The center of the Yazidi faith is around Mosul, but
smaller communities exist in Turkey, Syria and other
places.
The deadly assault on Tuesday crushed the hope that
there would be safety in numbers -- especially near
the border with Syria, which U.S. officials have
long described as an entry point for foreign
fighters.
The blasts capped one of the worst days of violence
in months and raised further questions about whether
the U.S. military effort has pushed insurgents into
less populated areas.
Witnesses to the suicide attacks said U.S.

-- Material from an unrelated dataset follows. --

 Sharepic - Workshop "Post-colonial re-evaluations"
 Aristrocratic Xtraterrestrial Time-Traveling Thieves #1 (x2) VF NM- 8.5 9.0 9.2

helicopters swooped in to help evacuate wounded to
hospitals in Duhok city in Kurdistan autonomous
region, a Kurdish city near the Turkish border.
Civilian cars and ambulances also rushed injured to
hospitals in Duhok, police said.
There was no claim of responsibility, but the attack
bore the hallmark of al-Qaida in Iraq, which has
been regrouping in the north after being driven from
havens in Anbar and Diyala provinces.
White House denounces Iraq bombings against
Kurds.
The Bush administration denounced the bombings as
"barbaric attacks on innocent civilians," White
House deputy press secretary Dana Perino expressed
sympathy to the families of those killed or wounded.